Windows network packet modification

Question

I'm looking to write a small program which will intercept network packets (on the local machine) and modify them before they go out on the network. I need to be able to modify the headers as well, not just the data.

I've already looked through several possibilities but am unsure which one is best to pursue. There are open source packet filters out there, but filtering only seems to be able to either allow or reject packets, not much else.

The other solution would be to write an NDIS intermediate driver, but writing drivers is a beyond me. Even the simple pass-thru example in the WinDDK is thousands of lines. I'm also not looking forward to having to constantly reinstall a driver and reboot to test my code.

I'd ideally like the program to be self contained, and not rely on the installation of 3rd party drivers/software/whatever.

So if you people could point me in the right direction, throw some helpful links my way, whatever, I'd appreciate it.

Answer 1

IMHO, If you want to modify packets you'll need something to talk to the hardware, a driver of some kind. If you do not want to use your own, you should get a 3rd party driver to inter-operate with.

For filtering there's libraries like: winpcap or libpcap.

Also have a look here: http://www.ntkernel.com/w&p.php?id=7

Another link: http://bittwist.sourceforge.net/

Hope this helps!

Answer 2

winpcap is only able to filter packets with precompiled conditions.

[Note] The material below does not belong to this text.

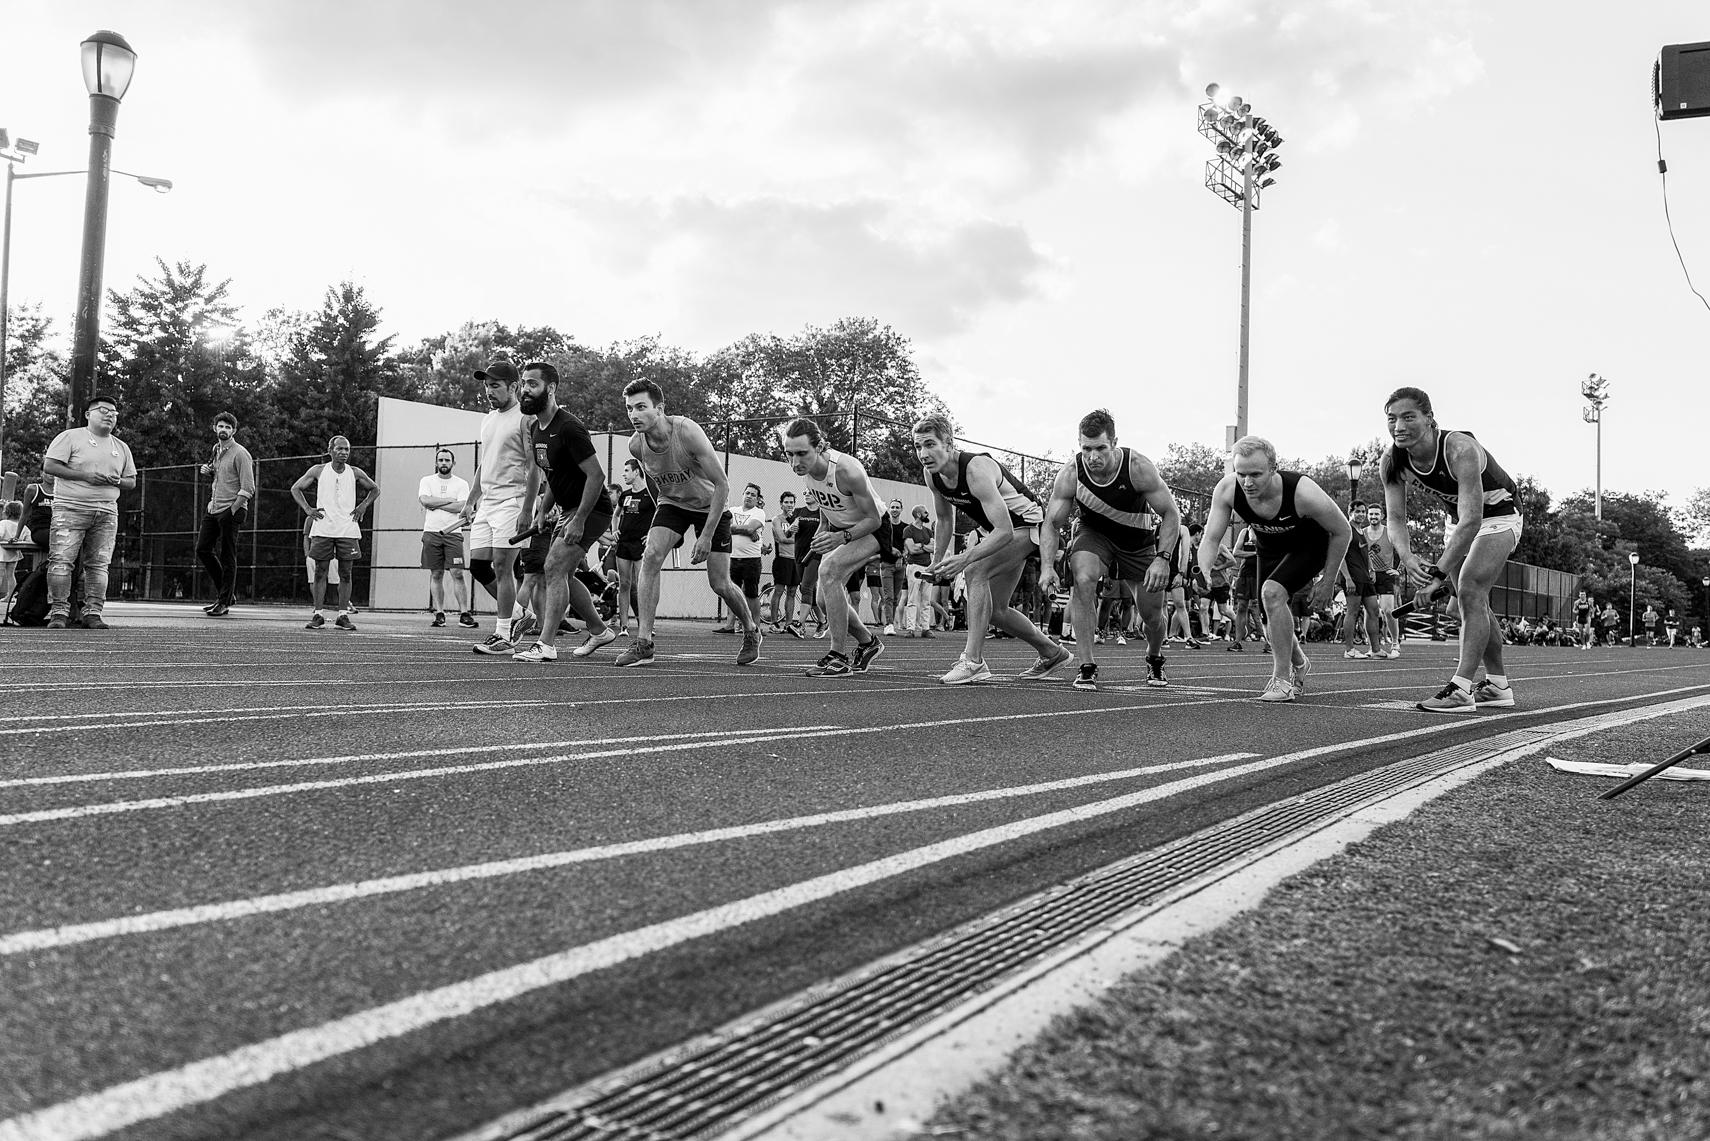 NBR McCarren Track Meet 2019-071219-Drew-ReynoldsDSC00185.jpg

What you need is to write LSP-level network driver. You won't need to reboot every time you reinstall it, but it can really modify packets before they go out to the network. More info here: http://blogs.msdn.com/wndp/archive/2006/02/09/529031.aspx or here: http://www.microsoft.com/msj/0599/LayeredService/LayeredService.aspx

Answer 3

Depends what kind of packets do you want to filter/modify.

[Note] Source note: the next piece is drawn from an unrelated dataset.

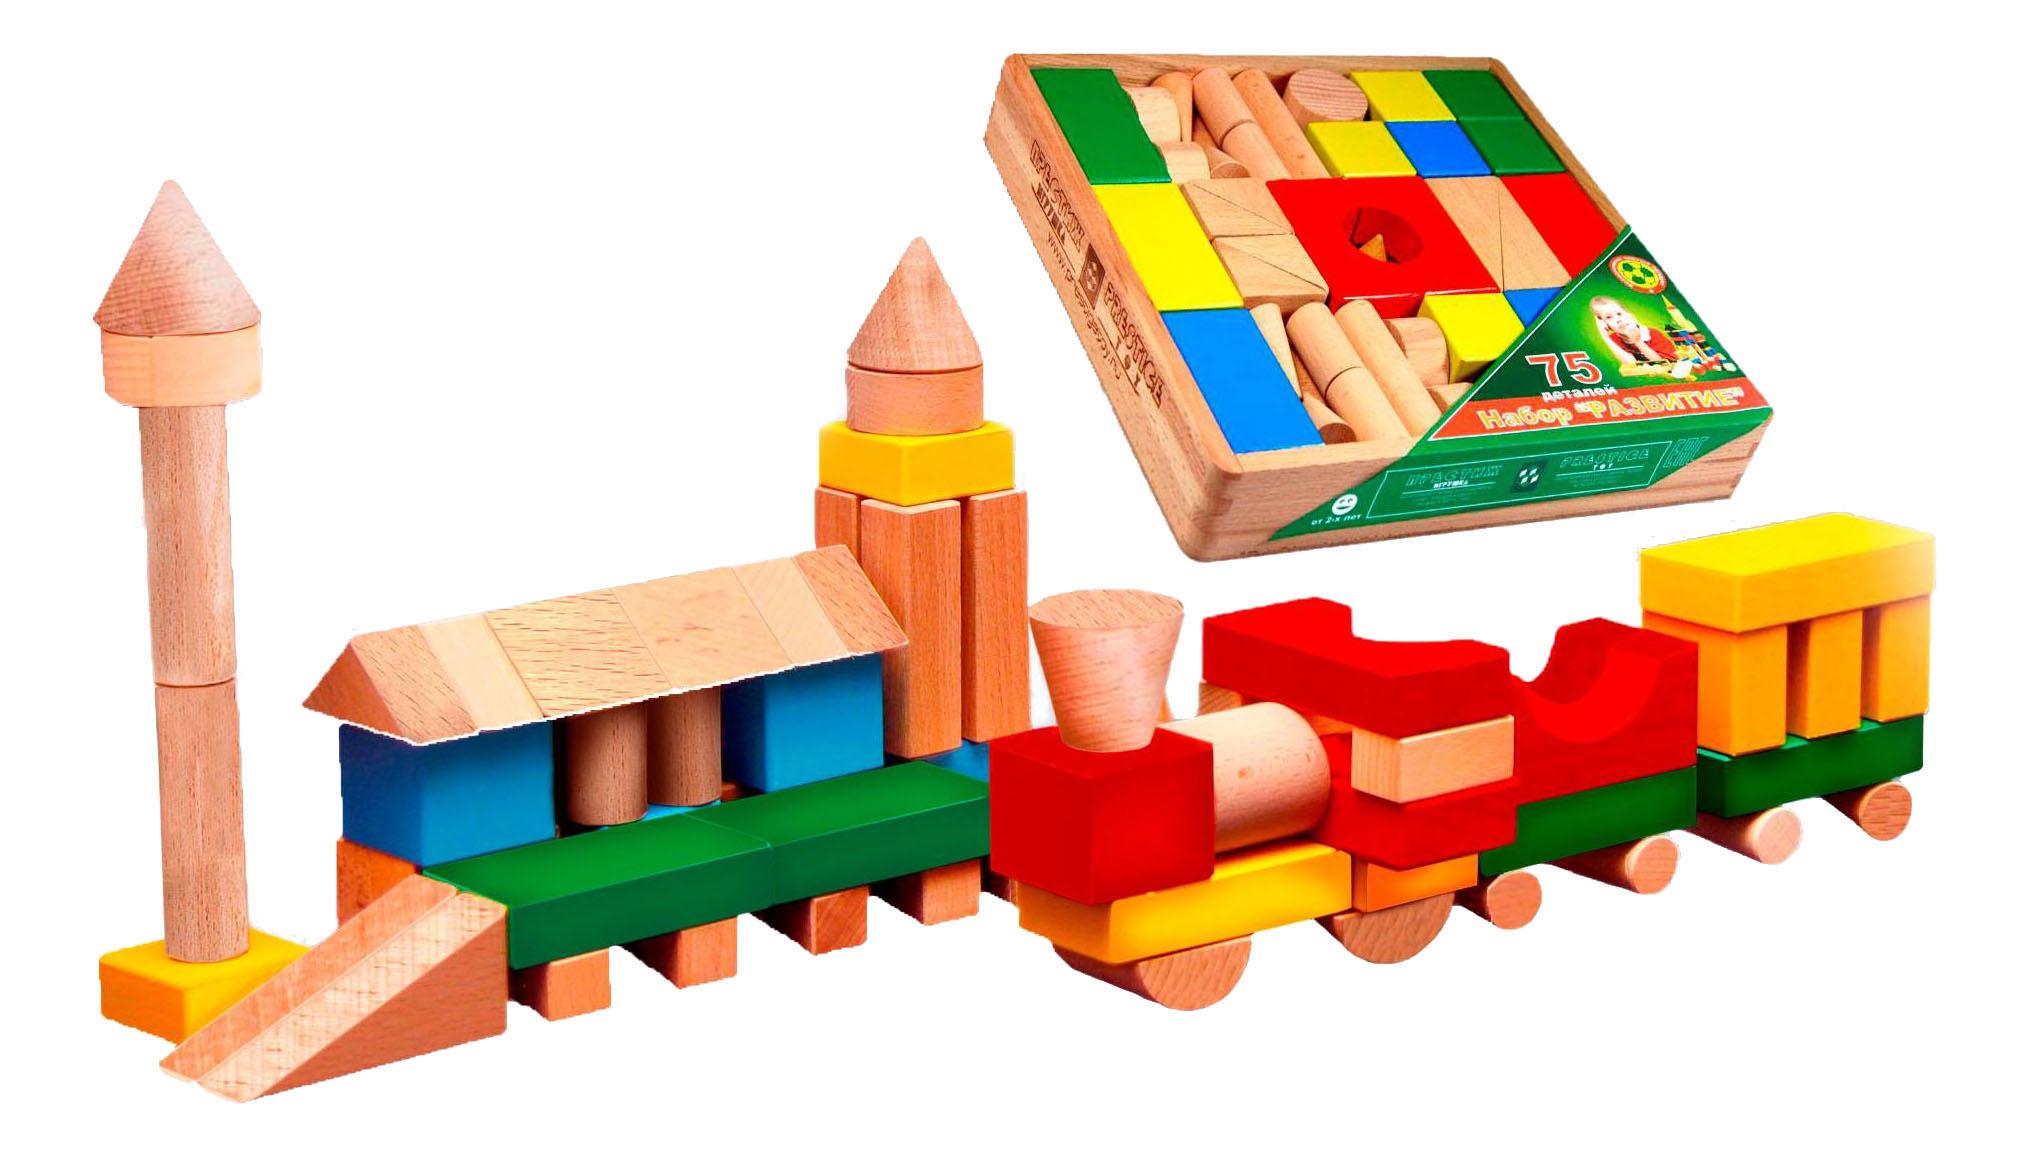 Конструктор деревянный Престиж-игрушка цветной по программе Развитие 75 деталей

If you're after application-level filtering, and want to get your hands on HTTP or similar packets, your best bet would probably be an LSP. Note however, following this path has certain disadvantages. First MS seems to be trying to get rid of this technology, and IIRC a part of Windows 7 logo requirements is "no LSP in your product", they seem to be promoting the Windows Filtering Platform. Second, you'd be very surprised with how much trouble you're getting into in terms of 3rd party LSP compatibility. Third, a very dummy LSP is still around 2 KLOC :)

If you're after an IP level packet filtering you'd need to go for a driver.

Windows Filtering Platform provides you with functionality needed in either case. However, it's only available on Windows Vista and later products, so no XP there. Another thing to take into consideration, WFP was only capable of allow/reject packets in user-land, and if you need to modify them, you'd need to go kernel-mode. (At least that what the situation was at the time it appeared, maybe they've improved something by now).

Answer 4

I'm no expert but I'm looking to do something similar on my LAN. I want to intercept packets form one single fixed IP and modify them before they go to my router then out onto the internet. I also want to capture and modify the returning packets prior to allowing them through to my host. The method I had envisaged was something like this...

1. ARP poison the host and router so my sniffing machine was having all packets passed through it.
2. Analyse the packets that I will want to modify in future and look for unique characteristics to those packets so I can catch just them.
3. Write a macro/script that looked for said characteristic in real-time and then modified it on the fly before sending it on its' way.

I know Cain&Abel for Windows is able (haha) to ARP poison but I'm not sure if it can provide raw dump of packet contents. Wireshark is able to dump all but not sure if it can ARP poison so as just to get what I'm after, if not then I can easily connect the host I want to intercept to my sniffer machine via ethernet and then share the internet via the sniffer so that all packets will go through the sniffer machine anyway.

So step 1 can be accomplished, I don't know if said programs have the ability to filter based on specifics yet but I'm guessing they do.

That's as far as I am with it. Hope this is of help to someone and maybe someone else can take this further?